__WORK REQUEST__
Within the entries below, output exactly the lines between the line containing "Tags: Anime, Axis" and the line containing "2021 Bible Verse", inclusive, and omit any picture.

(ENTRIES PROVIDED)

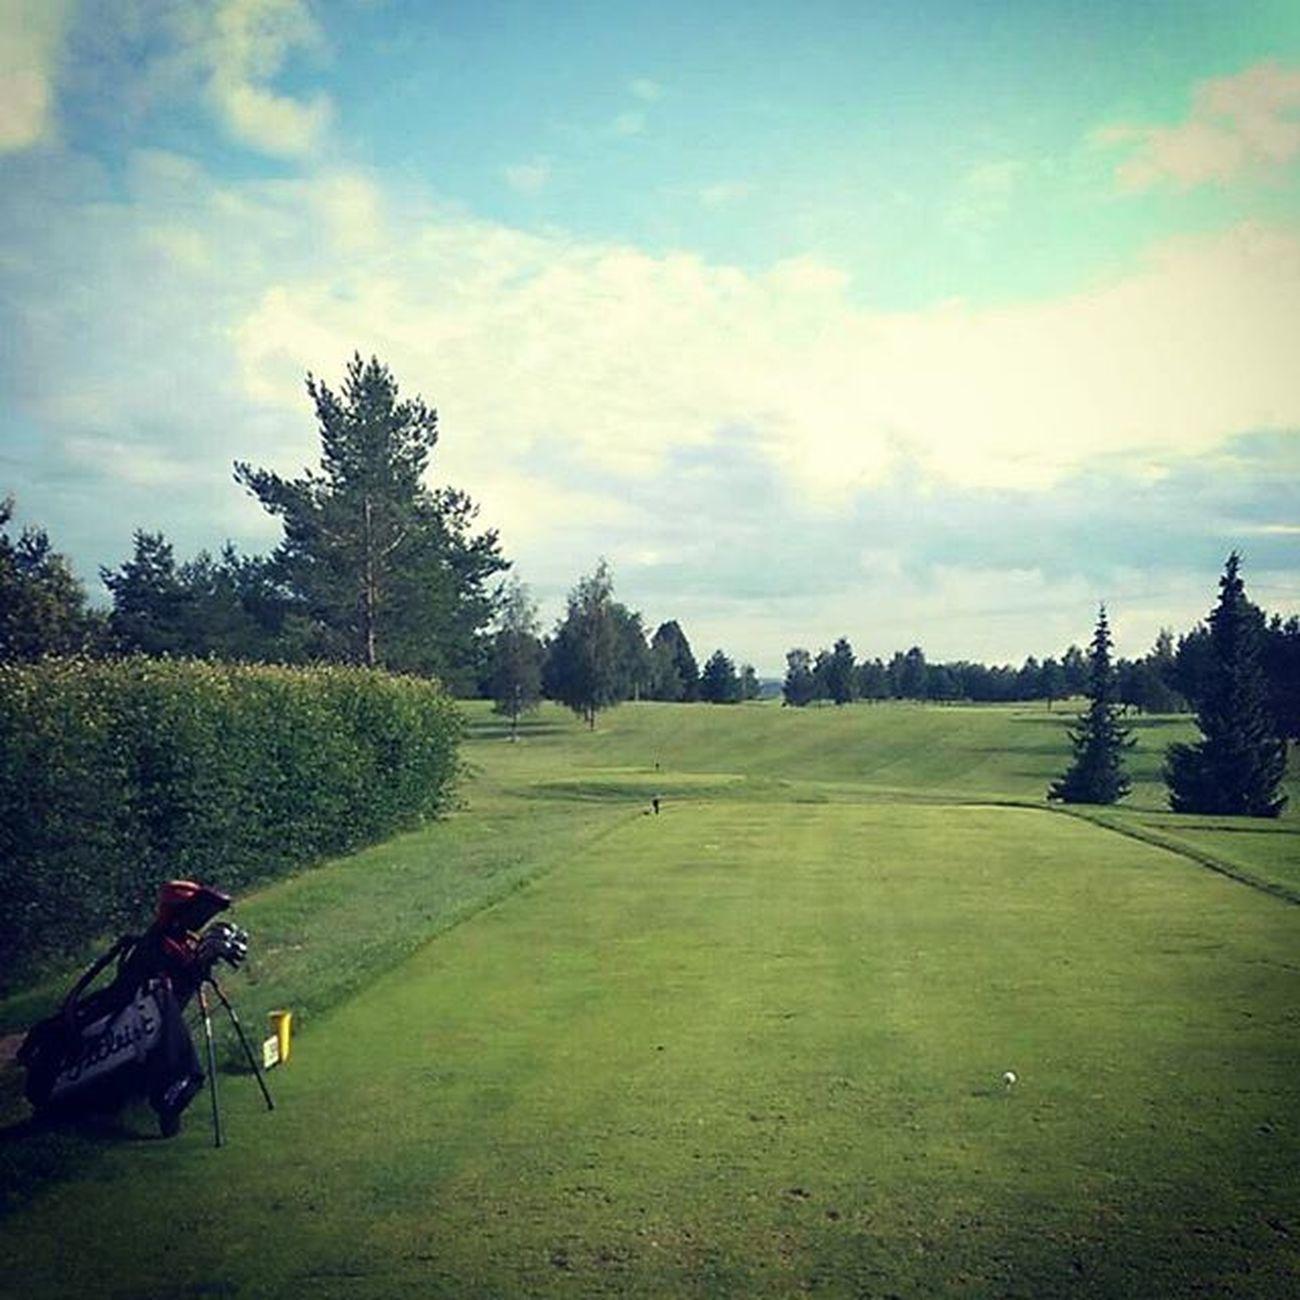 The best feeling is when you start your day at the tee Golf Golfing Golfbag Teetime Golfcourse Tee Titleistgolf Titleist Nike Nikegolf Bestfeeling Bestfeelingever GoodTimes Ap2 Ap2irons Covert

(End ENTRIES PROVIDED)
(ENTRIES PROVIDED)

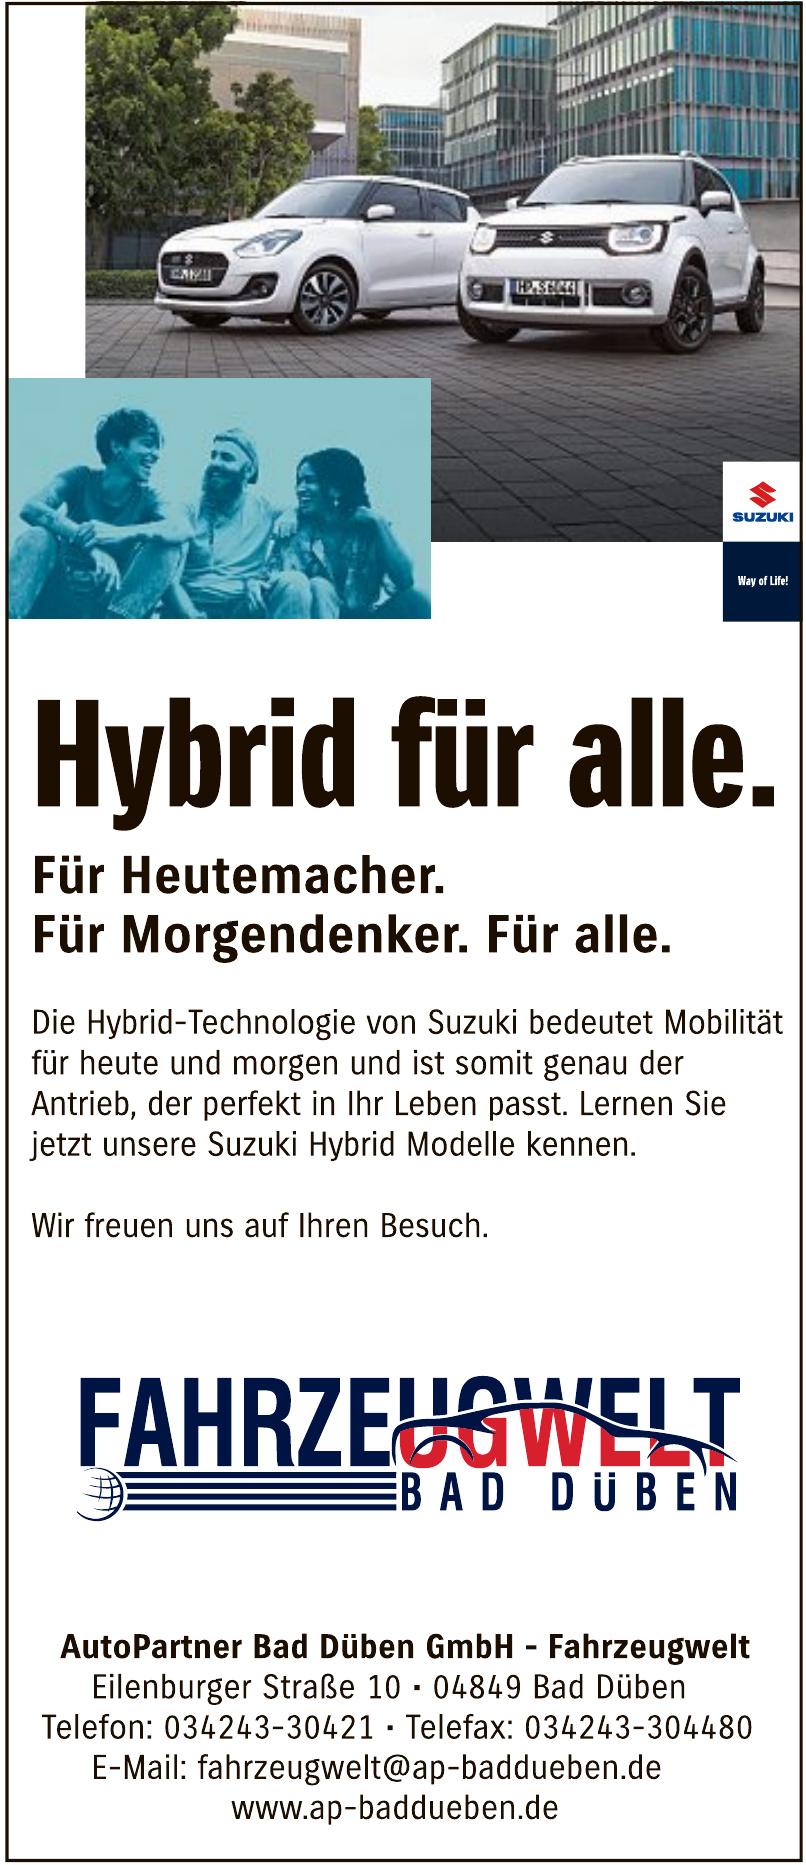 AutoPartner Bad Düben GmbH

(End ENTRIES PROVIDED)
(ENTRIES PROVIDED)

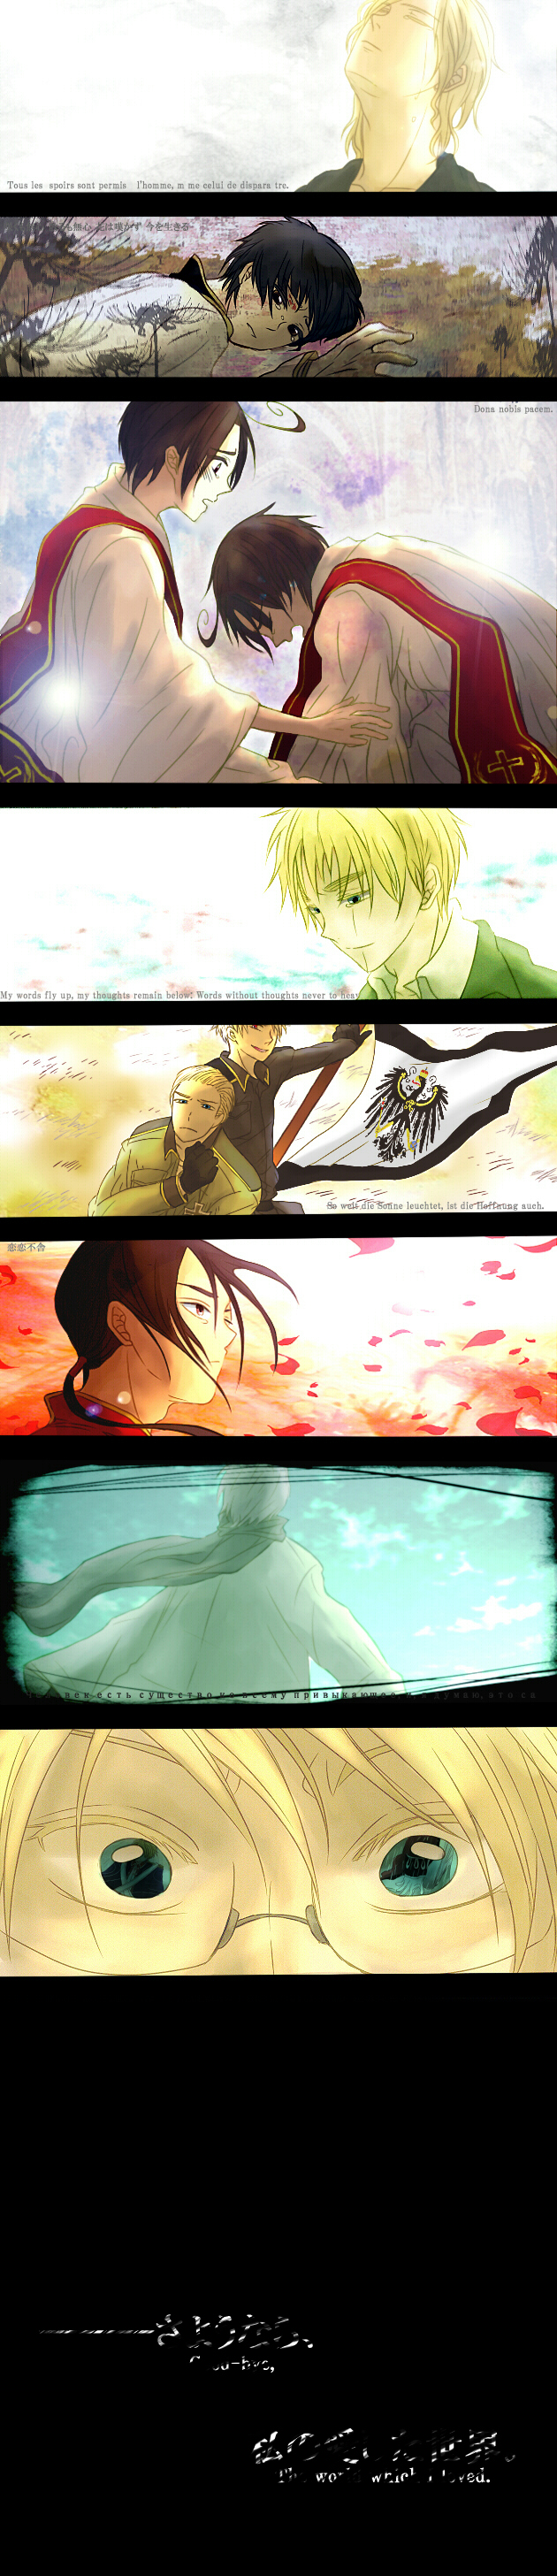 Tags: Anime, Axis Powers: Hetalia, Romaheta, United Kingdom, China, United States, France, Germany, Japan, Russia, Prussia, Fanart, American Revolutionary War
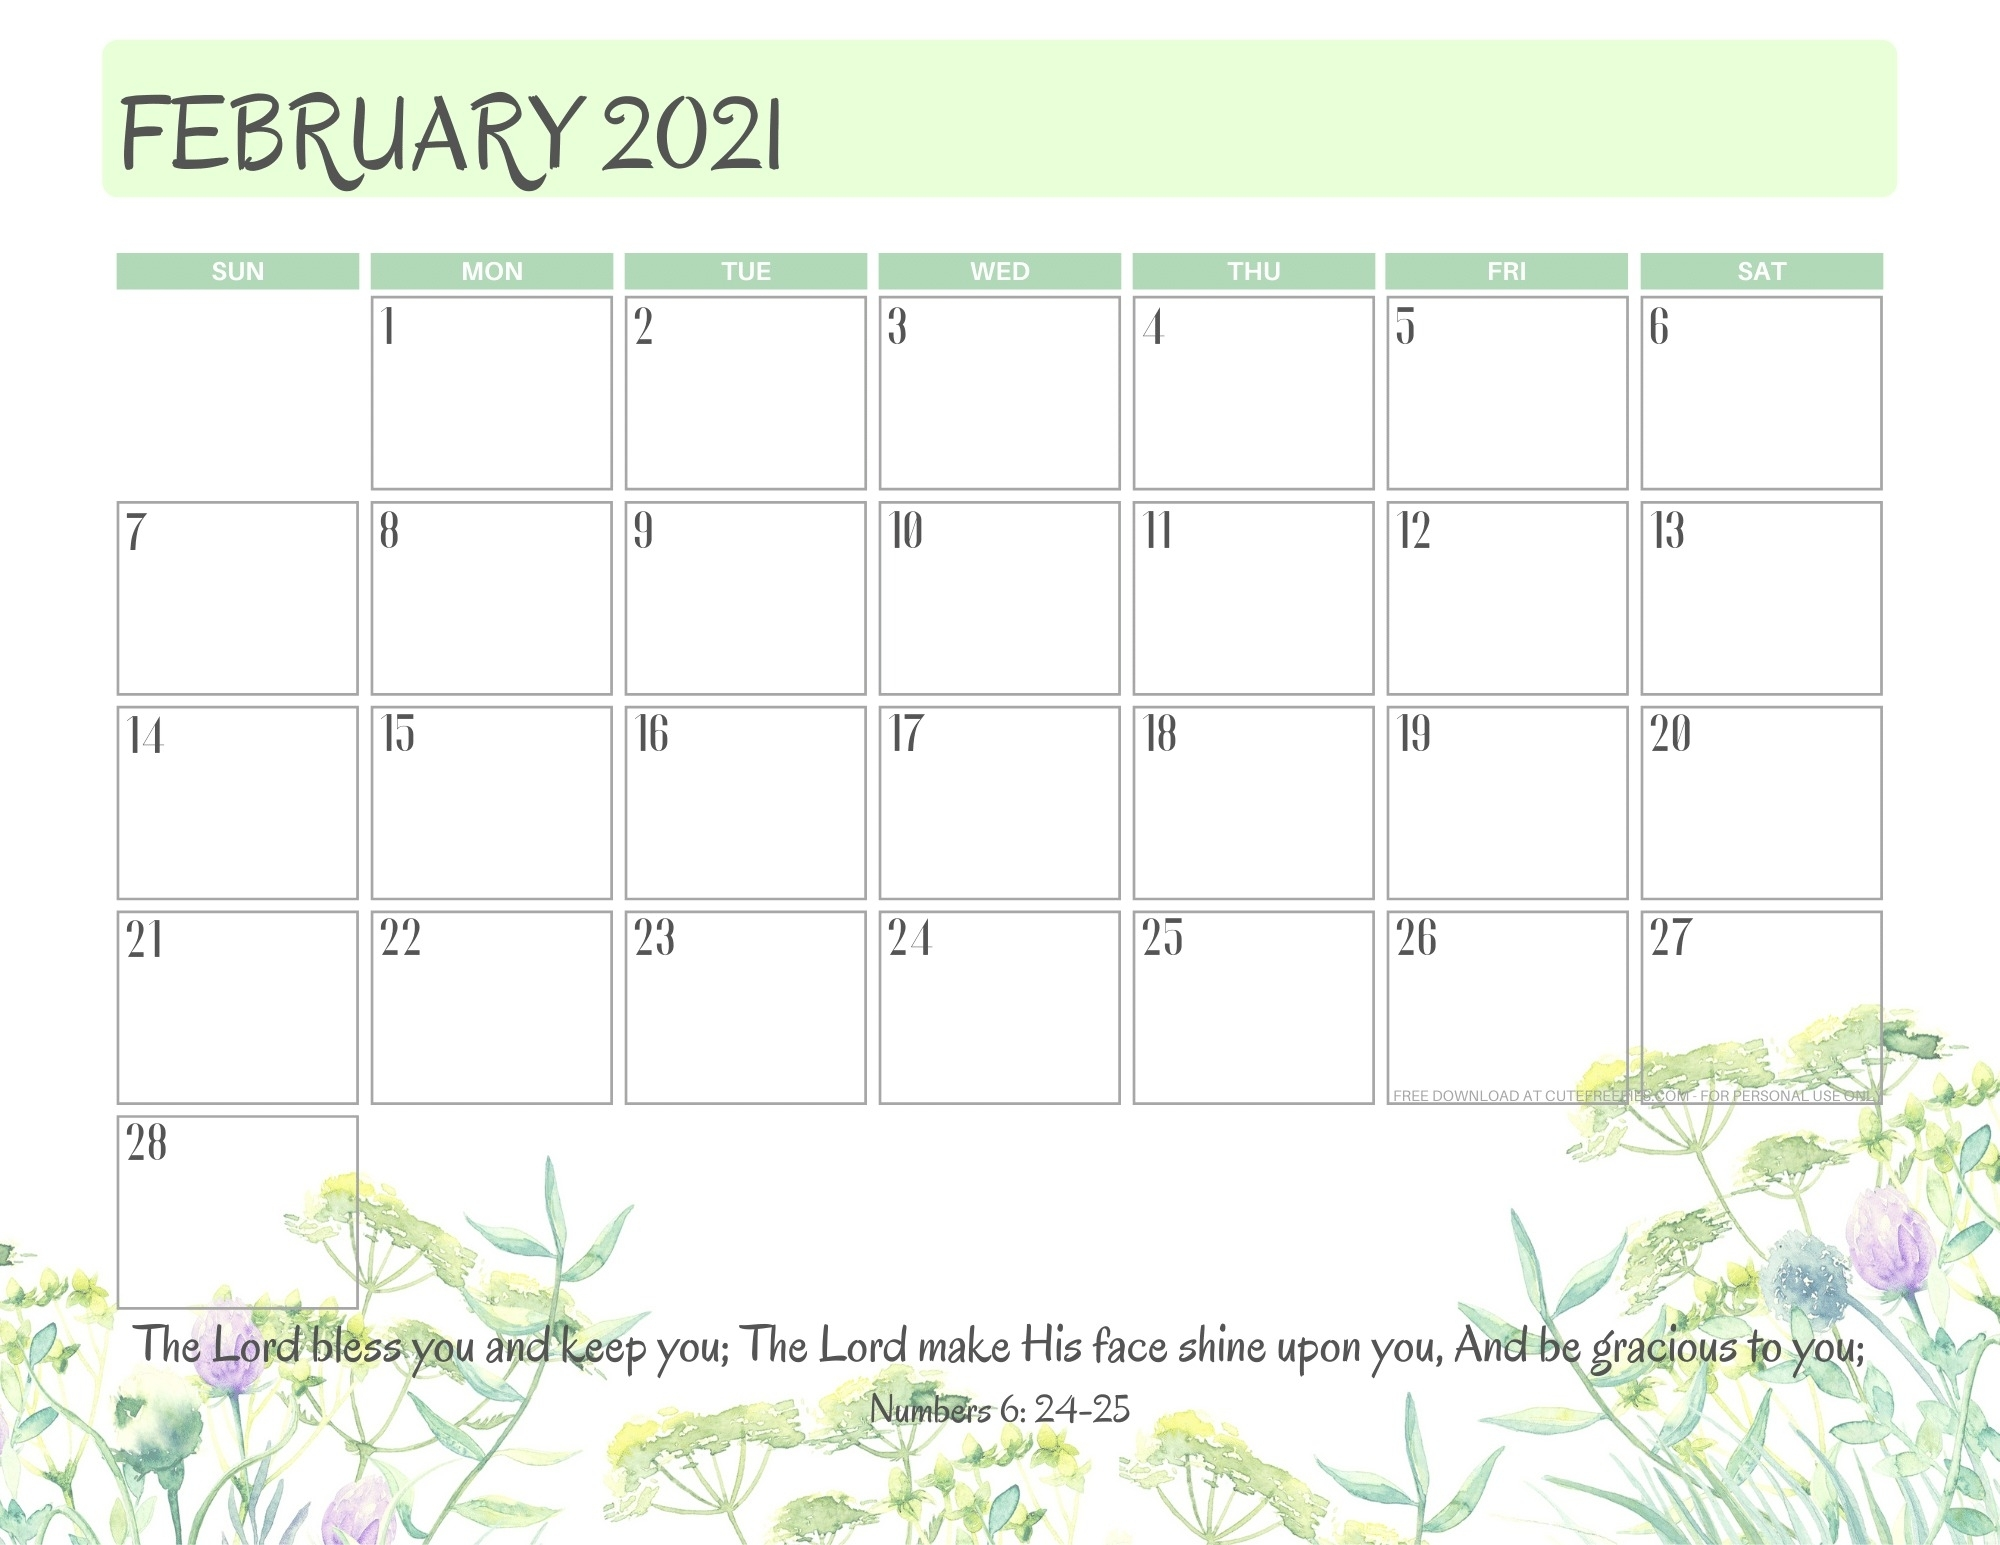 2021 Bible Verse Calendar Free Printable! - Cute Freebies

(End ENTRIES PROVIDED)

__EXERCISE RESPONSE__
 Tags: Anime, Axis Powers: Hetalia, Romaheta, United Kingdom, China, United States, France, Germany, Japan, Russia, Prussia, Fanart, American Revolutionary War
 2021 Bible Verse Calendar Free Printable! - Cute Freebies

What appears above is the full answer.